Democratic leaders and their accomplices in media and the academy, however, have yet to concede that non-pharmaceutical interventions (NPIs) were tremendously damaging to our society and ineffective in terms of quelling the virus. Instead, they are trying to save face and maintain the legitimacy of the isolate-vaccinate paradigm, while adroitly distancing themselves from Xi Jinping’s brand of containment.
This tactical retreat is especially conspicuous among the scholars affiliated with the Council on Foreign Relations (CFR), an American think tank with locations in New York and Washington DC.
In early April of this year, CFR senior fellow Yanzhong Huang published an opinion piece for CNN entitled “Why Xi Can’t Quit Zero Covid,” criticizing the shortsightedness of the Chinese Communist Party (CCP) for its unwavering commitment to lockdowns despite their obvious societal harms. Though he lists the unfortunate “ripple effects” of China’s lockdowns, such as shortages and delayed medical care, Huang stops short of identifying these problems as intrinsic to the NPI method of disease containment.
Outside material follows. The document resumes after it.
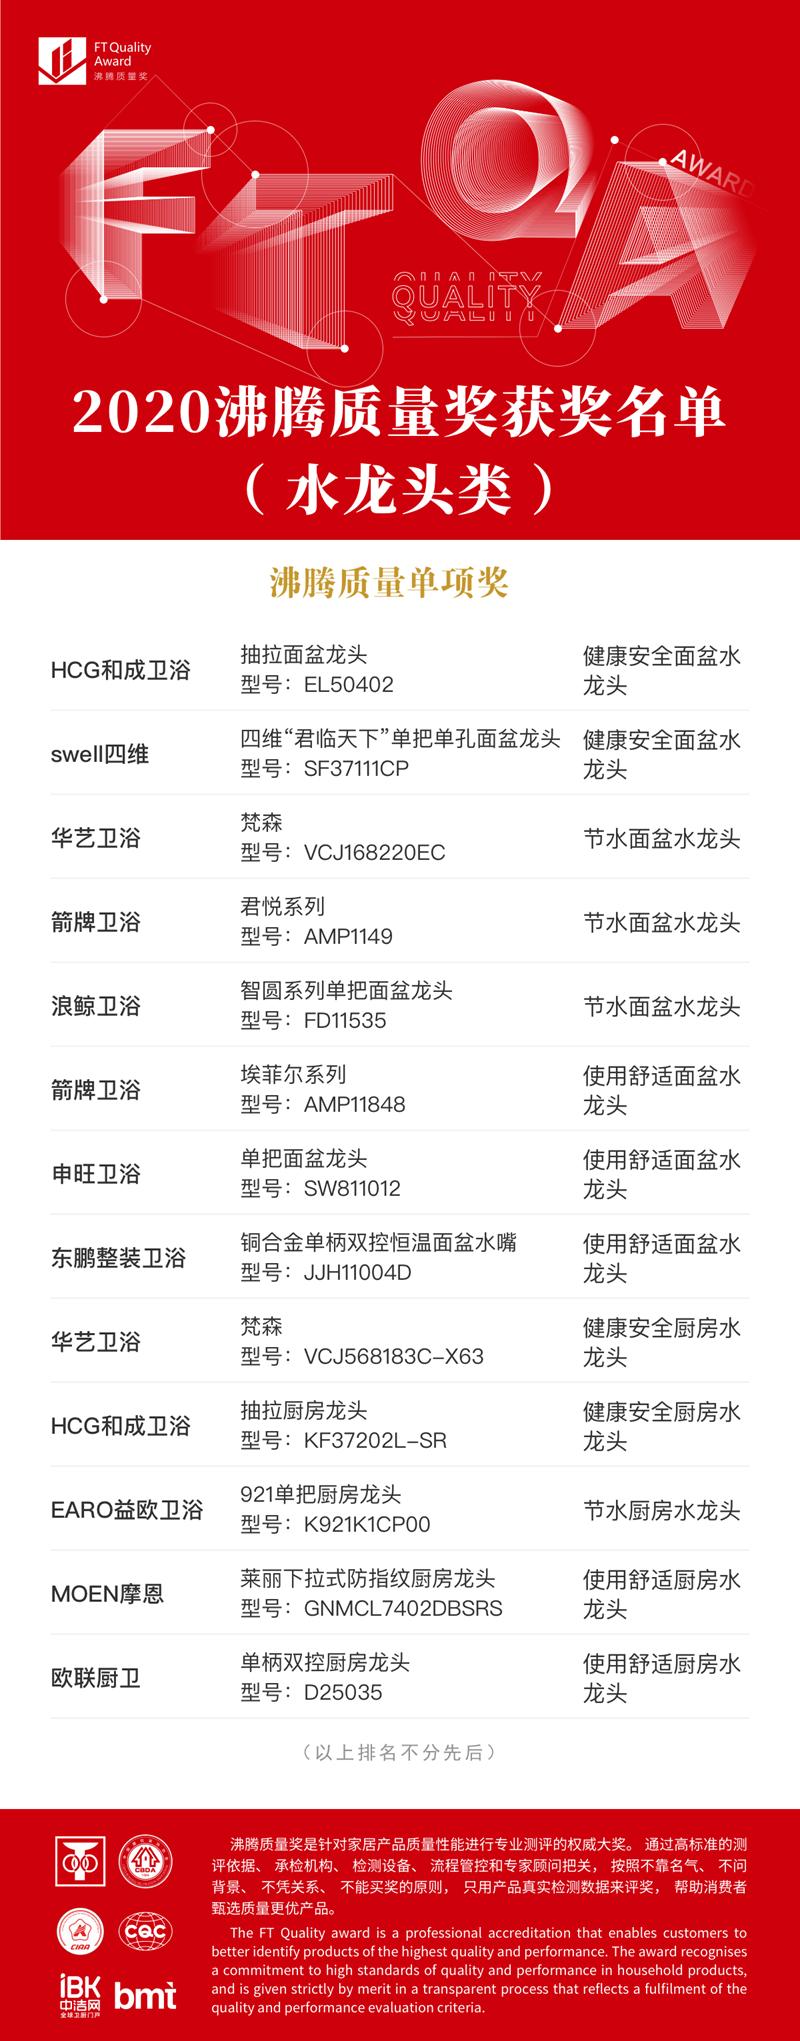 3 沸腾质量奖-水龙头-单项奖_副本 (2).png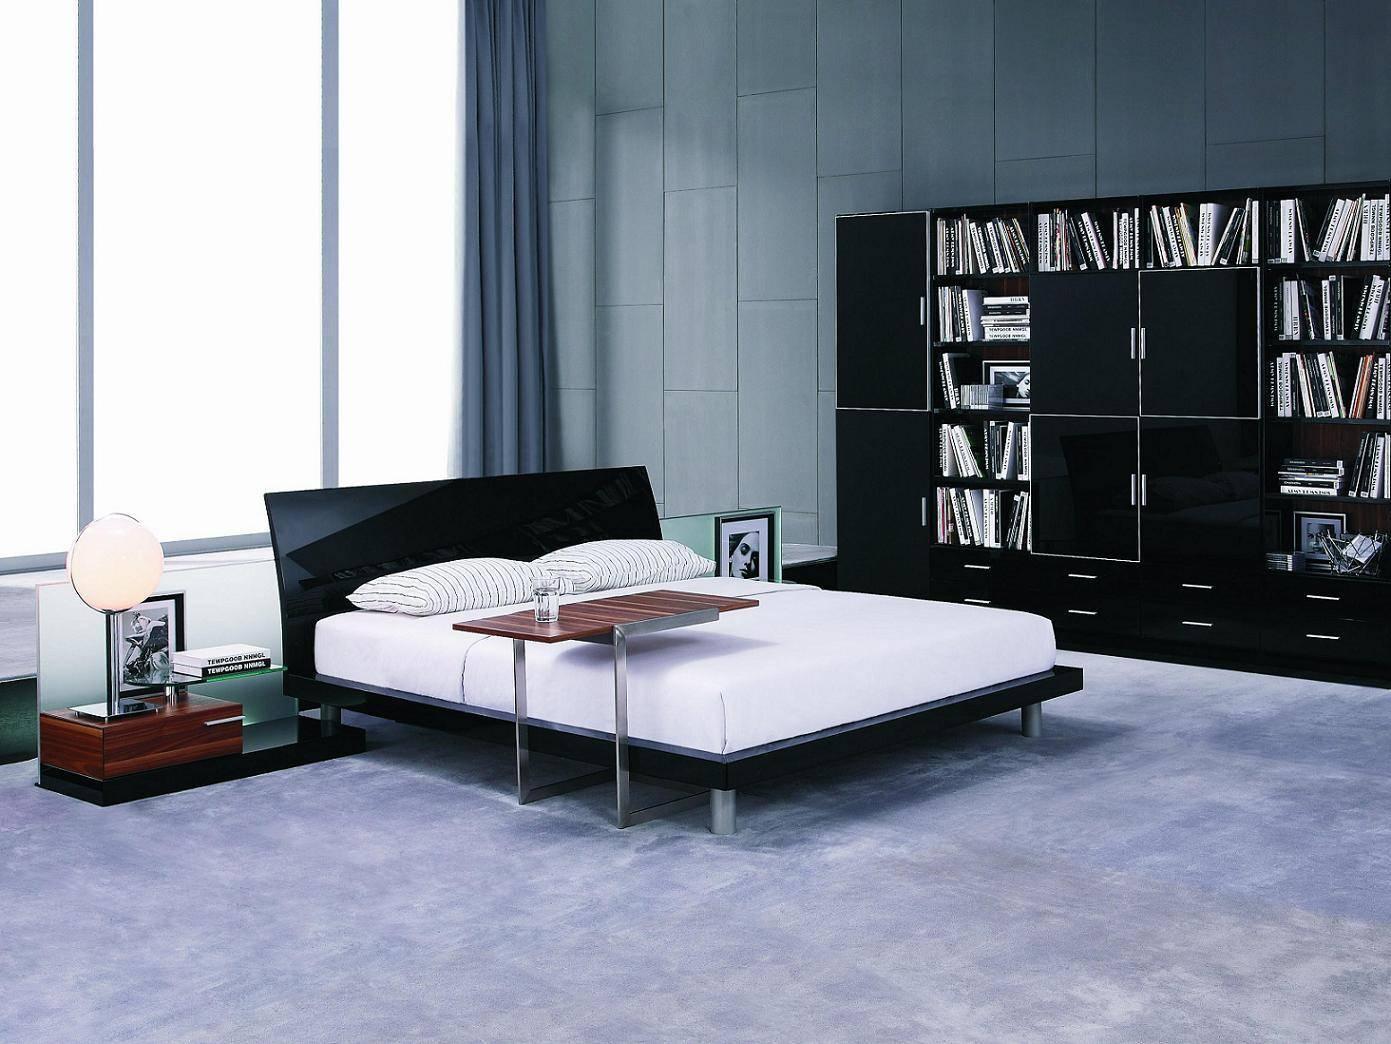 Черный и белый цвета в стиле хай-тек

Rather, he maintains that because of their dysfunctional political system the Chinese have become overzealous: they’re separating families and killing pets!
Huang is also careful to blame the chaos in Shanghai on China’s decision to put vaccination “on the back burner”—an odd statement given that Huang’s own report for CFR, published in January 2022, asserts without a hint of skepticism that the Chinese have vaccinated 85% of their population. In the same report, Huang faults the CCP, not for locking down the city of Wuhan, but for not doing so soon enough. In other words, according to Huang, lockdowns are a good tool, but the CCP is a bad mechanic.
Months earlier, Huang sounded even less critical of China’s Covid strategy. In a September 2021 piece, authored by CNN reporters Nectar Gan and Jessie Yeung, Huang described a new, AI-powered quarantine complex in Guangzhou as the epitome of modern hygiene. “It’s arguably the most state-of-the-art quarantine center in the world, if you will—very high tech, very sophisticated,” he gushed.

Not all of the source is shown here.